The fall spanned the industry - out of a total of 256 funds in this category, only four managed to stay in the green. But they too were positively borderline cases - ICICI Prudential Discovery Institutional I (0.39 per cent), ICICI Prudential Discovery (0.27 per cent) and both Plan A and Plan B of IDFC Premier Equity (0.17 per cent for both the funds).
The worst-performing fund in January was Religare AGILE with a negative return of 9.23 per cent, while JM Large Cap came second after posting a negative return of 7.38 per cent.
Biggest fund in this category, Reliance Growth, whose assets under management (AUM) stood at Rs 6,564.86 crore as on December 31, 2009, too went into the red, posting a negative 3.11 per cent returns.
This second-biggest equity fund category’s fall was a little bit greater than the equity diversified category. Tax planning funds posted negative returns of 4.29 per cent. It too had a much healthier December return at 4.19 per cent, while in November it was even better at 6.73 per cent – for the entire 2009, it posted a return of 81.79 per cent.
The extent of the fall spanned each and every fund in the category - there was not even one left in the green as all 37 posted negative returns.

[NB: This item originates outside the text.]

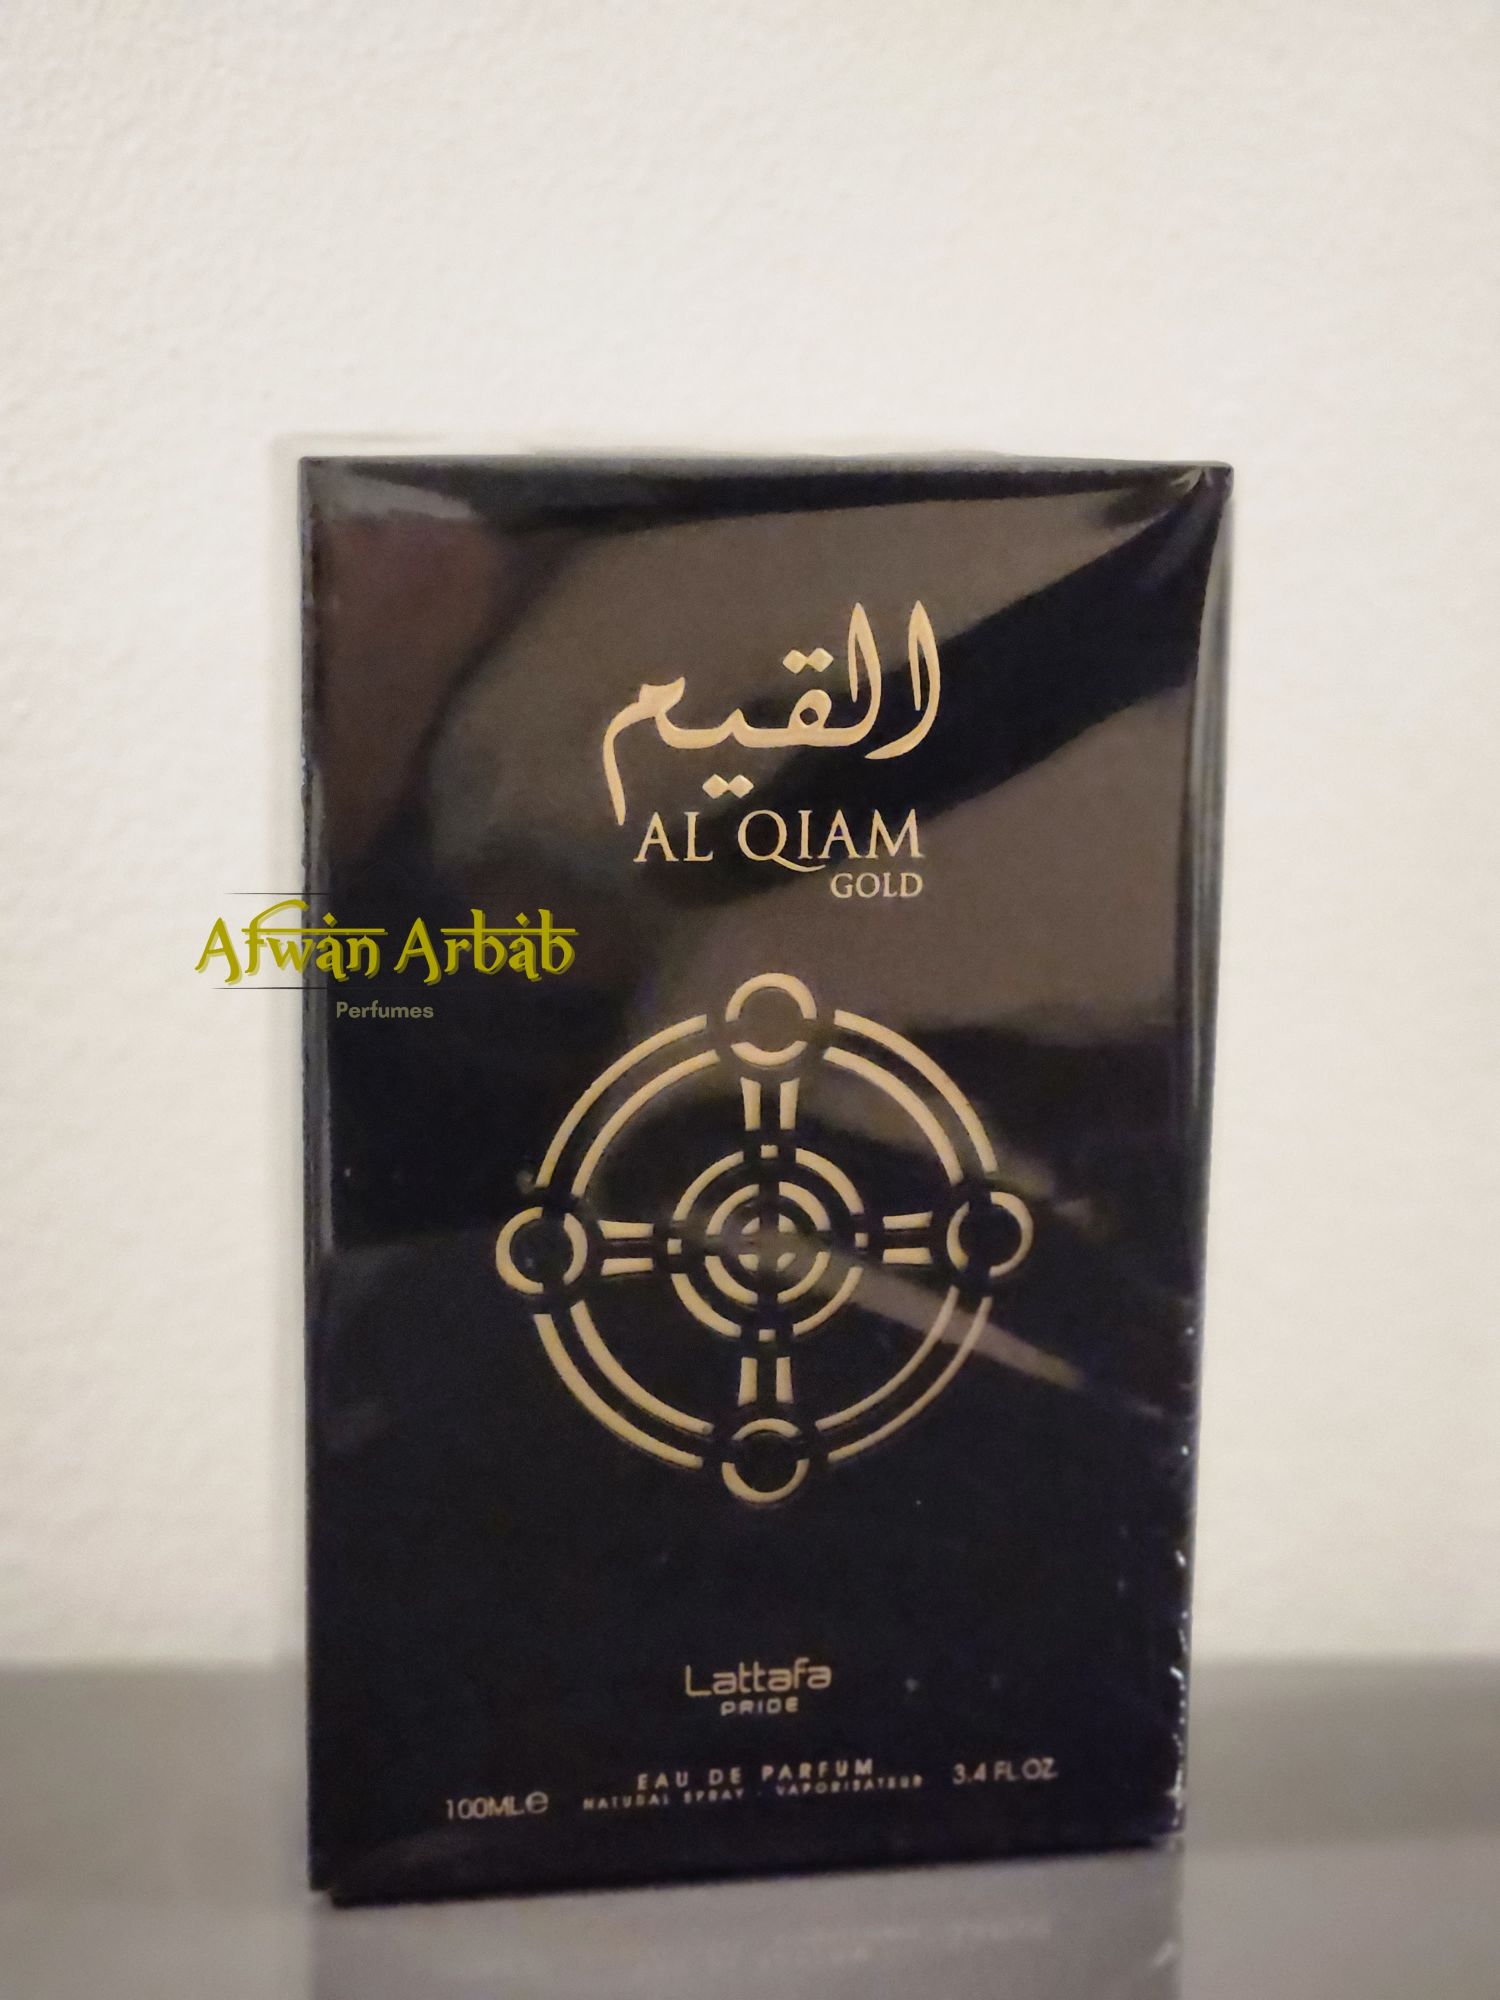 Al Qiam Silver EDP - 100mL (3.4 oz) by Lattafa Pride

The worst-performers were Birla Sun Life Tax Relief 96 and Franklin India Index Tax as their returns fell by 6.36 per cent and 6.12 per cent respectively.
The biggest fund in this category, Magnum Taxgain, whose assets under management (AUM) as on December 31, 2009 stood at Rs 5,264.85 crore also was awash in red with a negative return of 4.83 per cent. Its returns in December were 4.05 per cent and 7.20 per cent in November.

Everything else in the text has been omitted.